U.S. Government to Use Social Media to Predict 'Societal Events'
The billions of words and millions of photos people voluntarily post to social media websites like Twitter and personal blogs may soon help the government predict events like protests, riots and even terrorist attacks. The Intelligence Advanced Research Project, a U.S. government agency that invests in high-risk/high-payoff research programs, announced in August that they are searching for ways to mine data to predict events that include political and humanitarian crisis, mass violence, mass migrations, disease outbreaks, economic instability, resource shortages and responses to natural disasters, IARPA wrote in a statement.
The data mining initiative from the U.S. intelligence agency is called the Open Source Indicators Program. The program reflects the growing trend of decision making based on advances in computational intelligence.

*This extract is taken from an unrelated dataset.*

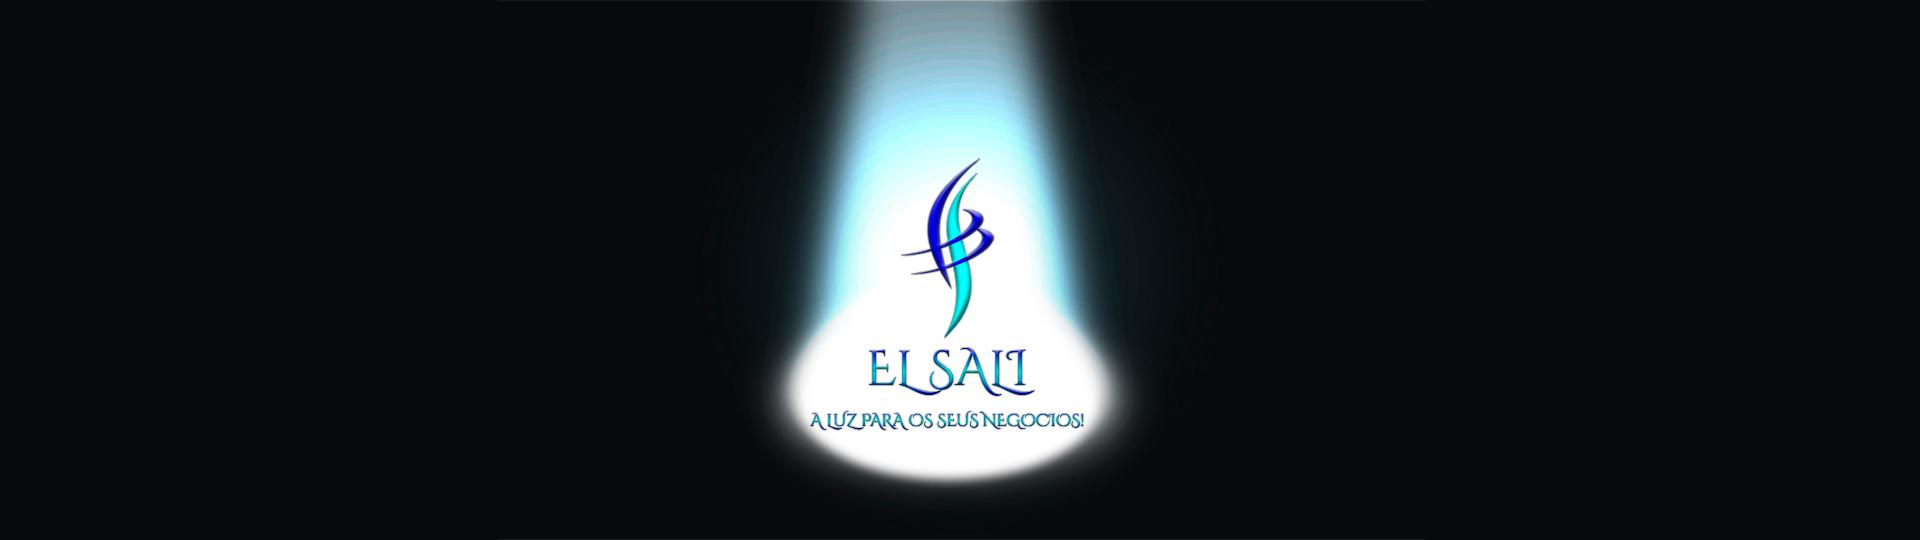 Site_El Sali_1920x540

IB Times reported earlier in November that public health experts are using open-source data in a similar fashion, monitoring so-called trending topics for signs of disease outbreaks.
National security and public health are just a couple of the fields for which computational intelligence can be applied, Nature News reported in October. Corporations can use open source data to predict which products will sell and which movies will tank.
Peter Gloom, a computer scientist at the Center for Collective Intelligence at the Massachusetts Institute of Technology, told Nature News, We're up to 90 percent accuracy for predicting box-office returns.